Assignment:
Without the pictures, restate all of the data below word for word.

Top of Collected material

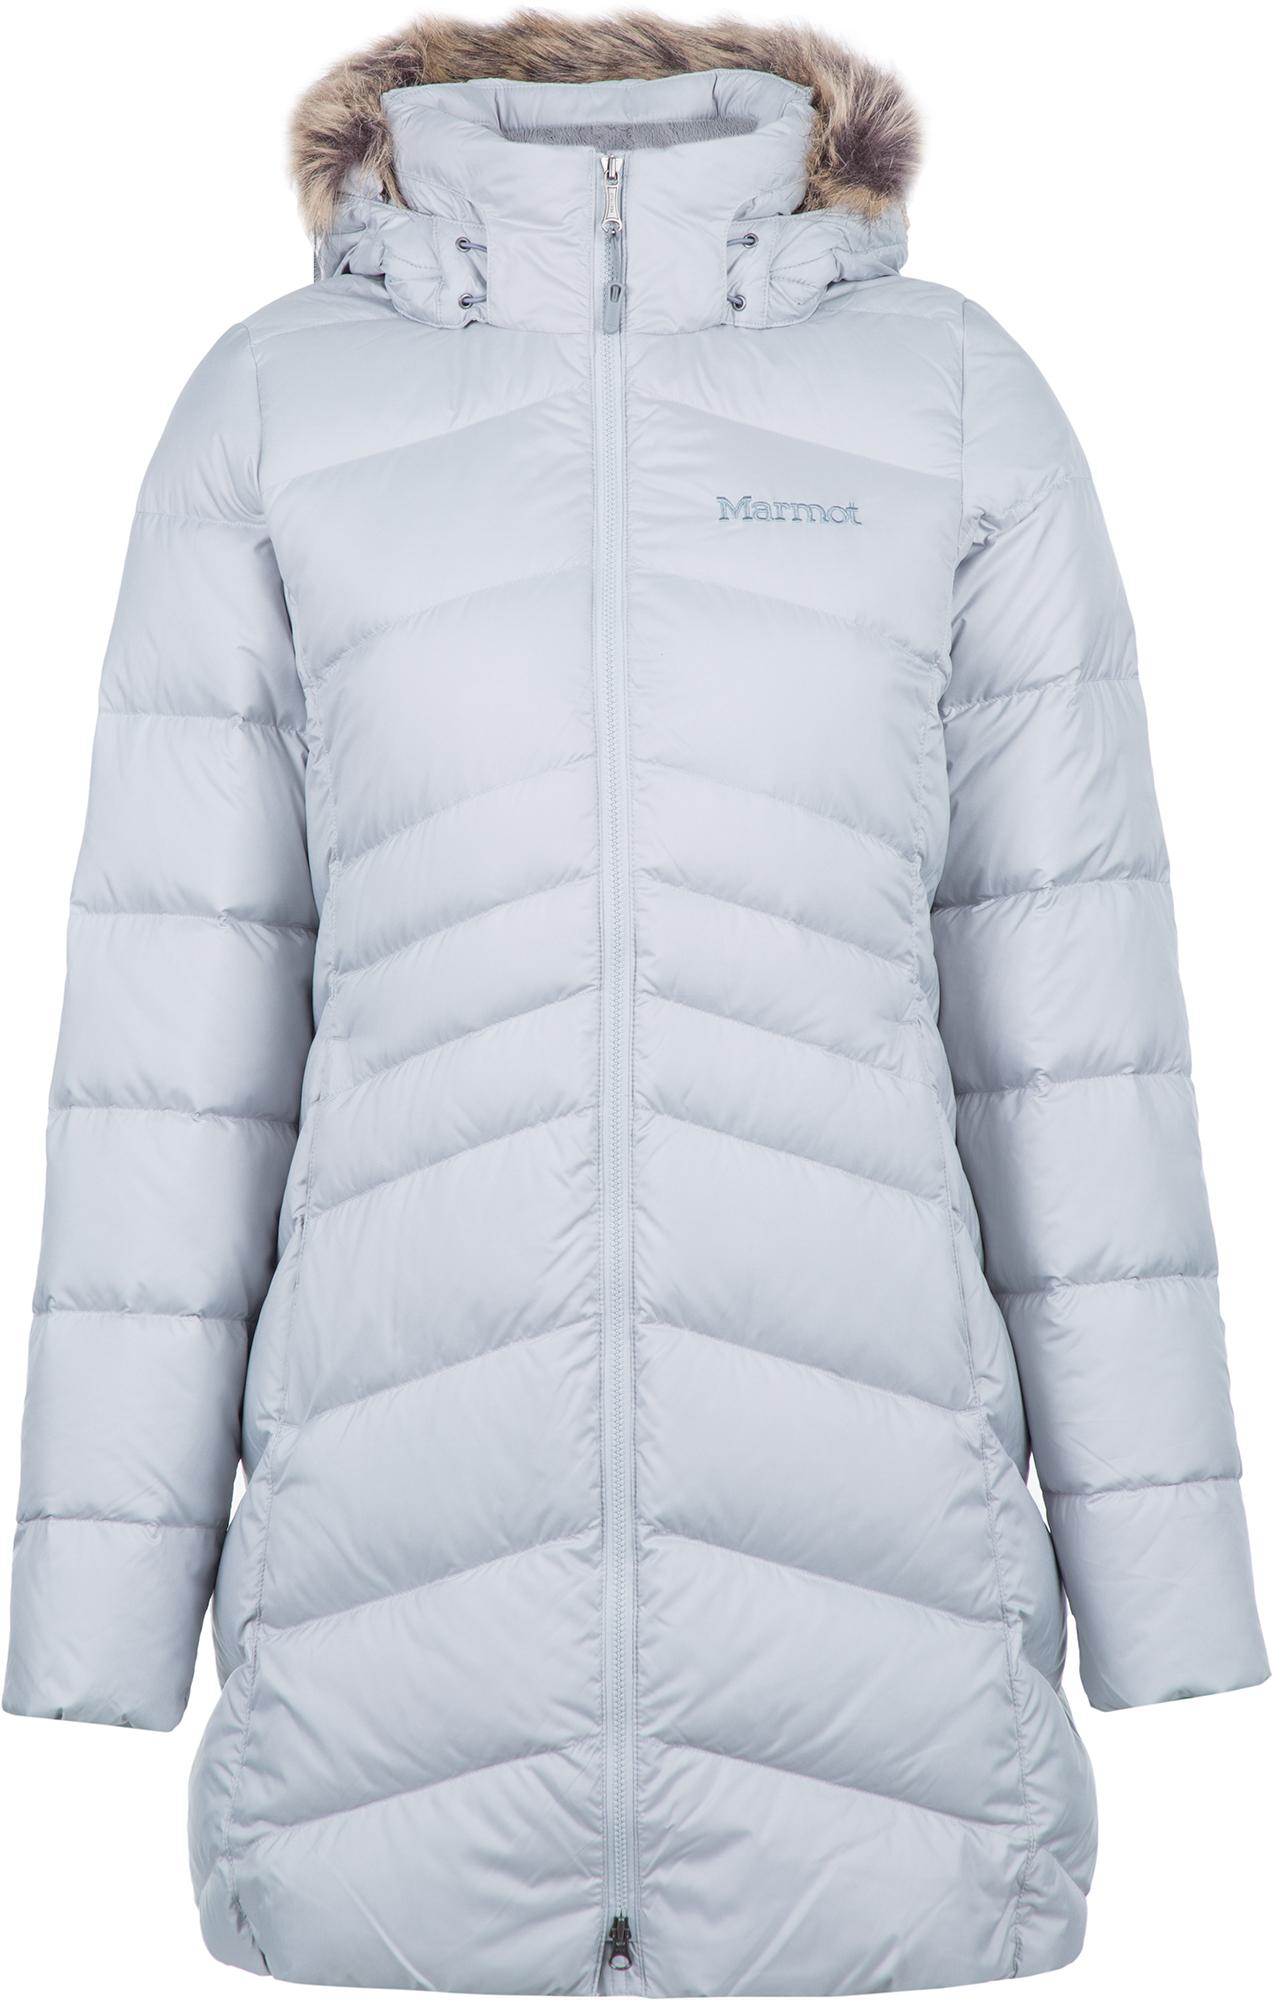 цена на Marmot Куртка пуховая женская Marmot Montreal, размер 54-56
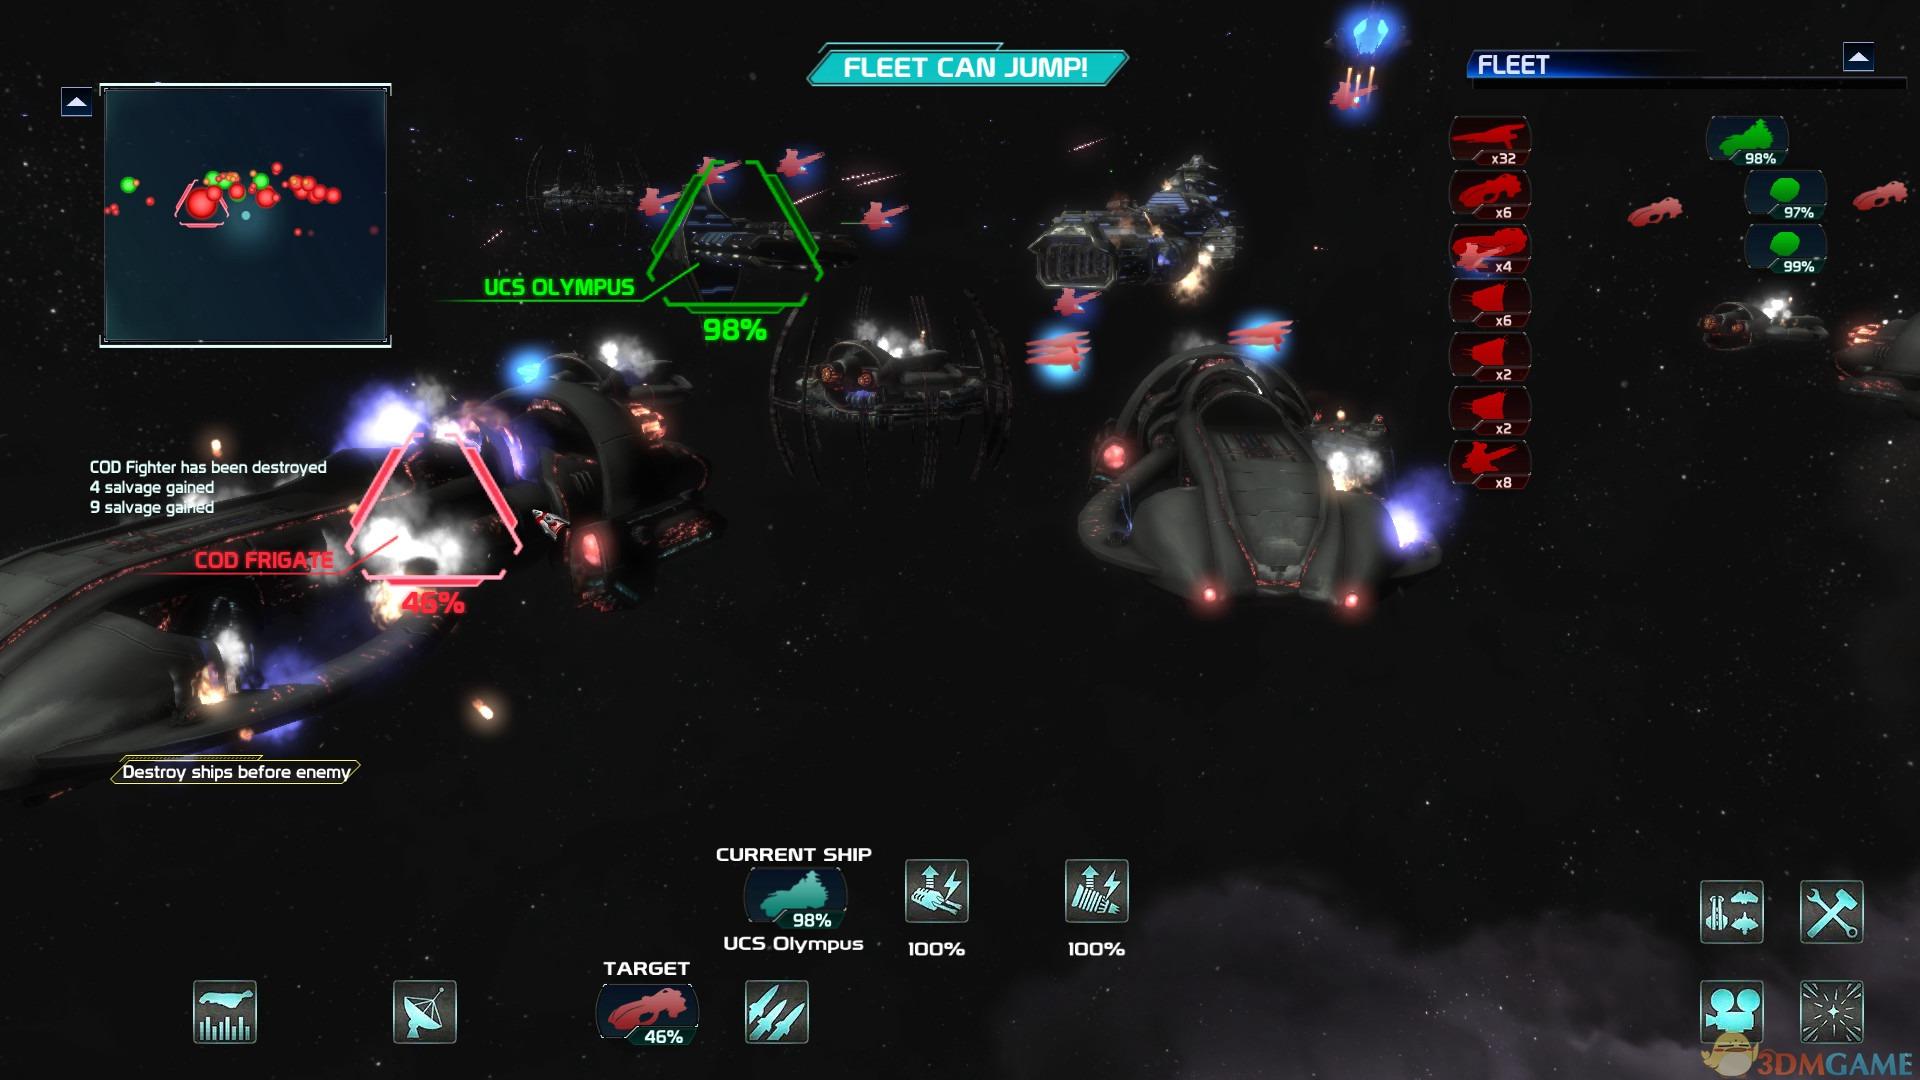 《索尔战舰(The Fleets of Sol)》是Bit Planet Games, LLC制作发行的一款即时战略生存游戏。在游戏中玩家将管理一支太空舰队在星域与星域之间穿越并且与穷追不舍的敌人交战。玩家可以雇佣平民,发展壮大你的舰队规模以增加你的生存几率。
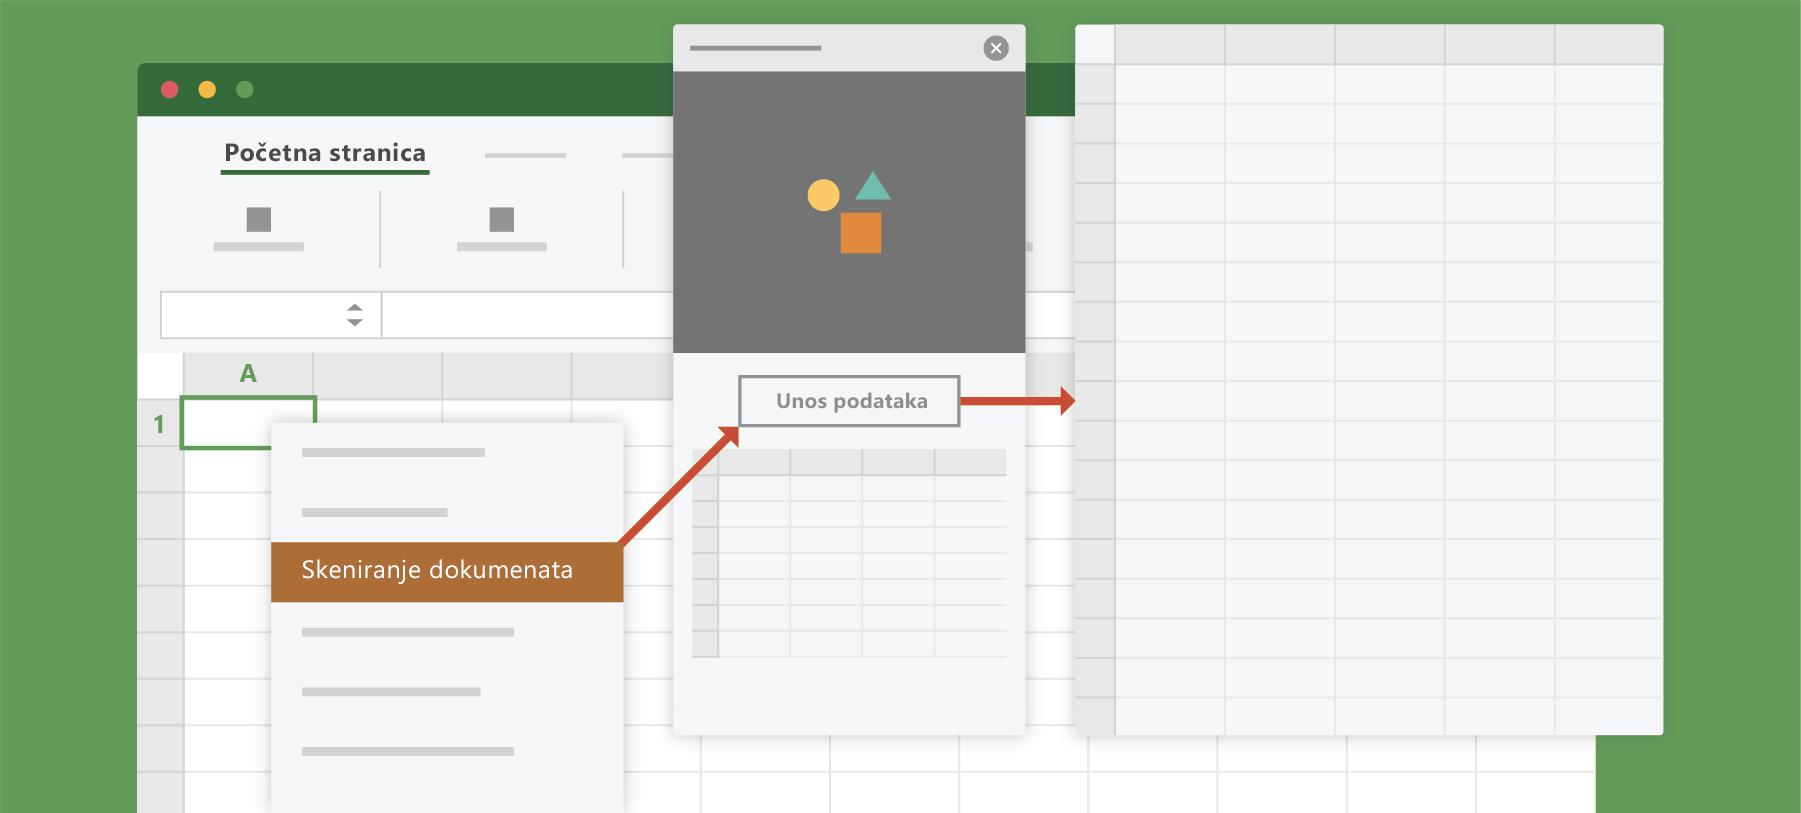 Pokazuje mogućnost skeniranja dokumenta u programu Excel

Bottom of Collected material

Answer to this exercise:
 цена на Marmot Куртка пуховая женская Marmot Montreal, размер 54-56
 《索尔战舰(The Fleets of Sol)》是Bit Planet Games, LLC制作发行的一款即时战略生存游戏。在游戏中玩家将管理一支太空舰队在星域与星域之间穿越并且与穷追不舍的敌人交战。玩家可以雇佣平民,发展壮大你的舰队规模以增加你的生存几率。
 Pokazuje mogućnost skeniranja dokumenta u programu Excel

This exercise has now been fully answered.